I saw this translation on the net but my friend says the word hero does not appear anywhere in it. What happened?
Is it implied somewhere?

English translation:
“I am not really keen, Caesar, to wish to pander to you,
Nor to know whether you are a hero or a villain.”
“Nil nimium studeo, Caesar, tibi velle placere,
nec scire utrum sis albus an ater homo”
Catullus poem

Using a not too good Latin - English dictionary, ater can mean gloomy or malicious. albus means white, and metaphorically, good. And homo is human being or person.

Transliterated, the last phrase is white or malicious person. (That’s where ‘hero’ and ‘villian’ come in.)

I’d recast it as:

I couldn’t care less, Ceaser, to want to please you;
nor to know whether you’re a good guy or bad.

So is this where we get the idea of the good guys wearing white hats?

Sounds racist to me.

Ray (Old, undead white guy)

You’re surely kidding, but just the same I feel I should mention that in ancient times the normative sense of white' was by no means interchangable with some racial notion either directly or by analogy. Catullus would not have meant here a white-skinned person’ as opposed to a black-skinned person.' He meant good’ versus `bad’ with no racial implications.

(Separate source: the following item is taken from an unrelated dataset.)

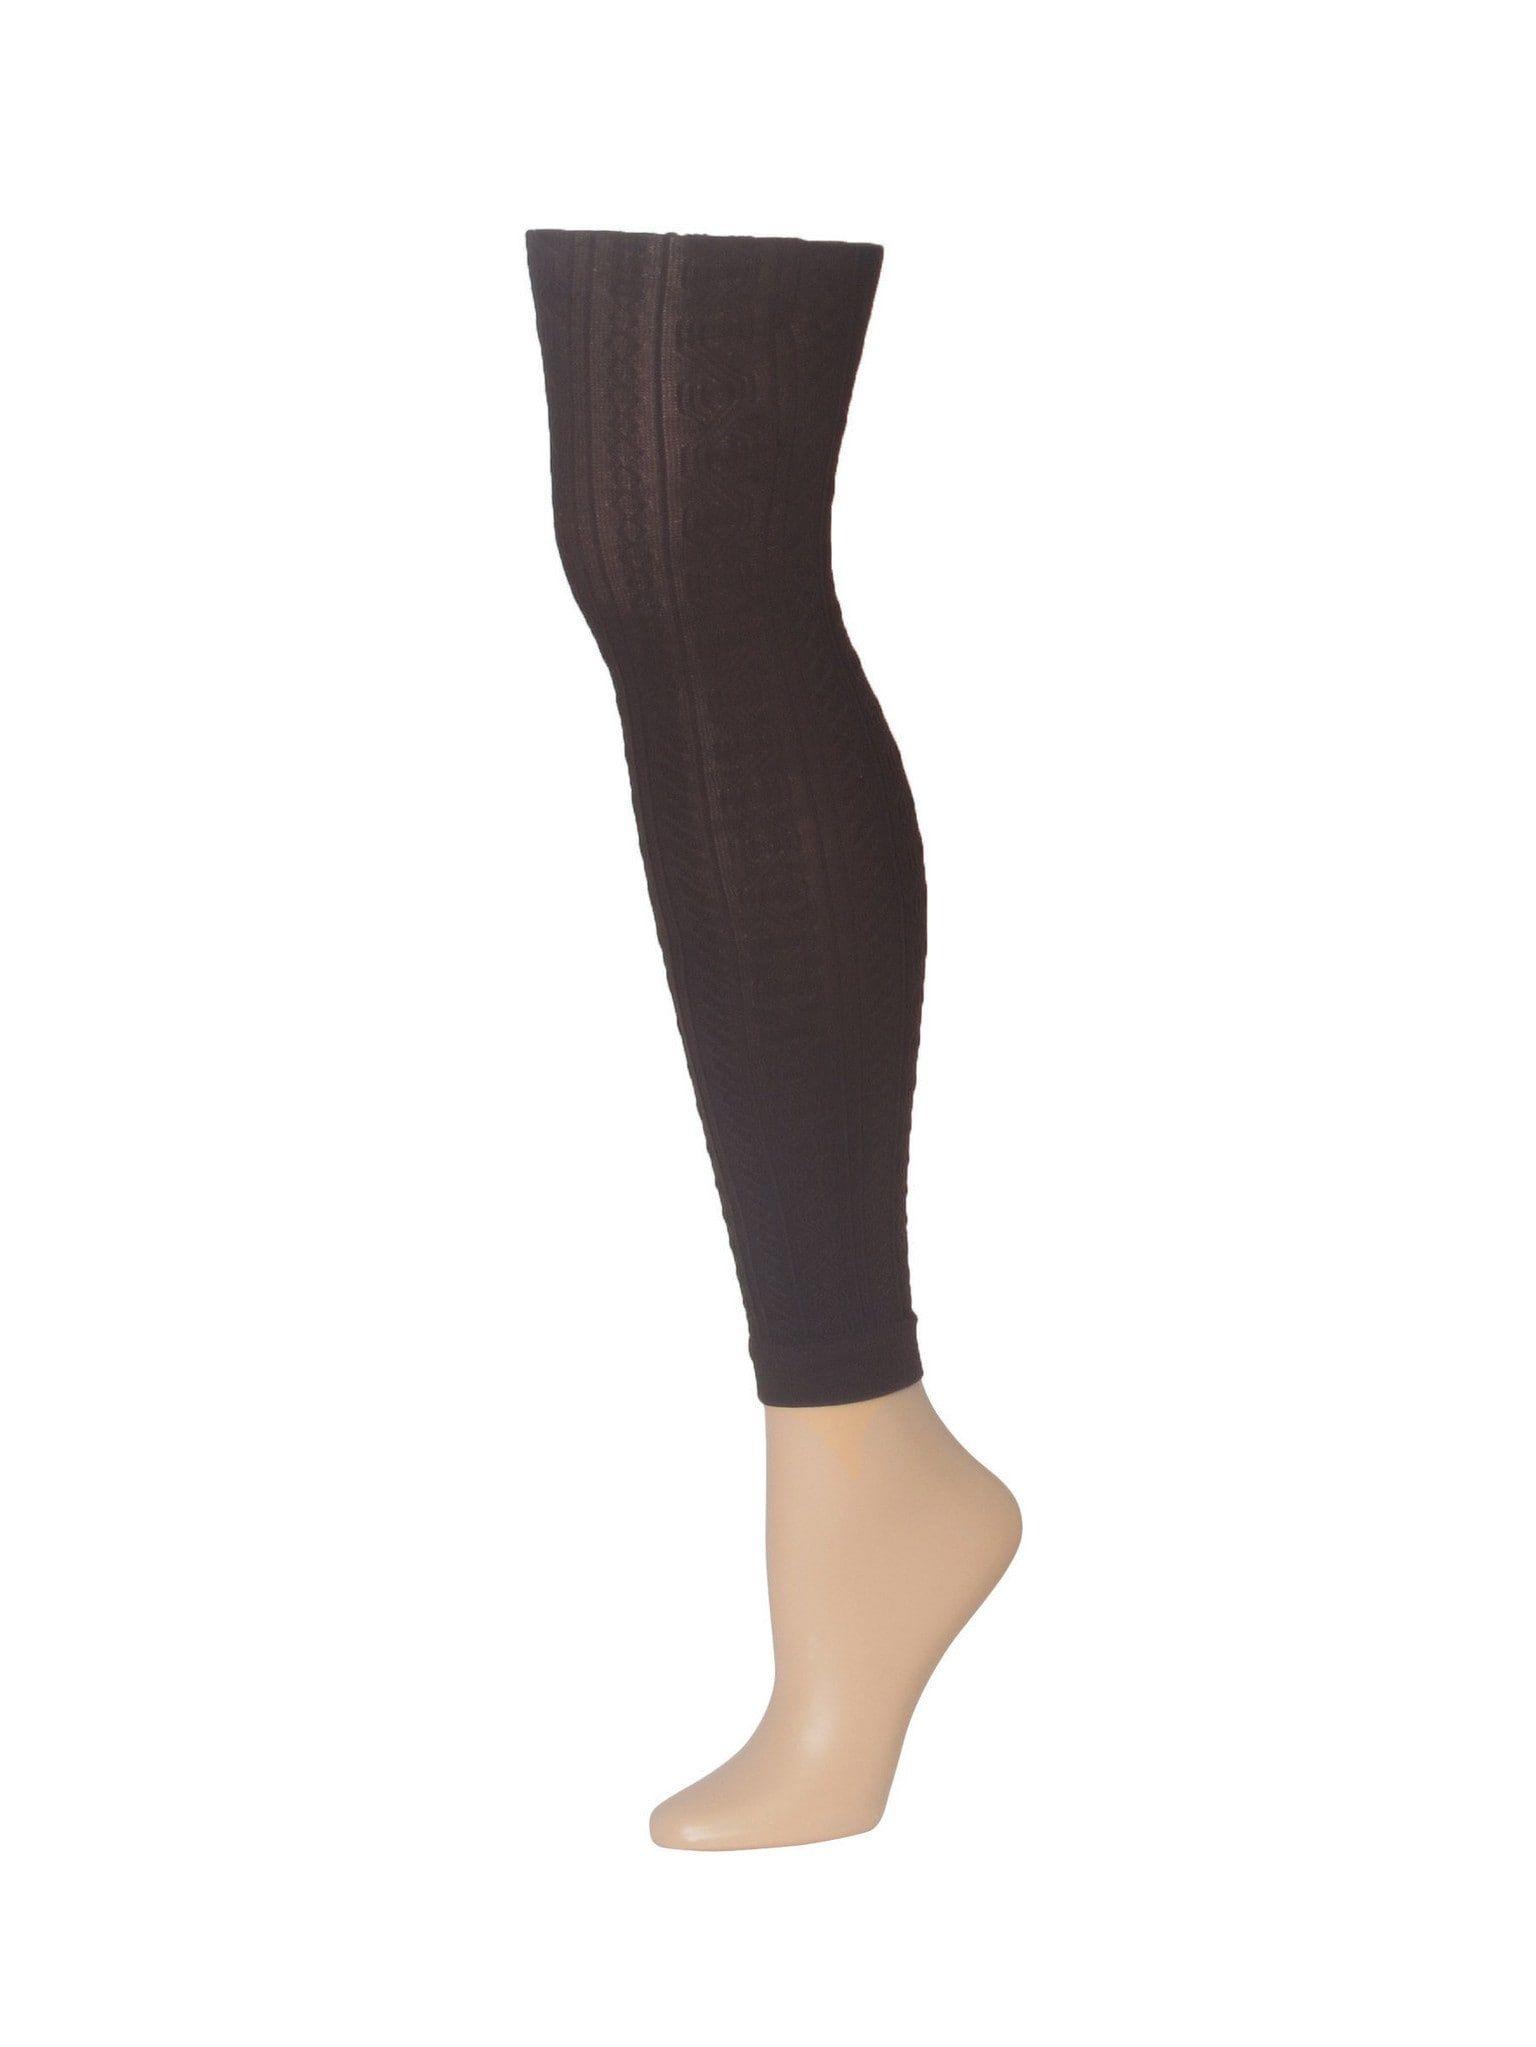 6b63fde5c MeMoi Textured Footless Tights MeMoi Women s Tights - Hosiery - Pantyhose  Queen1 Queen2   Black MO 323 Tights

Why, some of Catullus’ best friends were Carthaganians, Luxorans, and Hippolites…

…as well as sodomites, hypocrites and pedophiles. I mean, if he didn’t hold all that against people, obviously a little thing like race…

‘…as well as sodomites, hypocrites and pedophiles…’

Is there actually historical proof of this Johnny? After all, Catullus left very little bio information other than his poems…

His poetry itself gives you an idea of the company he kept. He didn’t just write love poems, you know.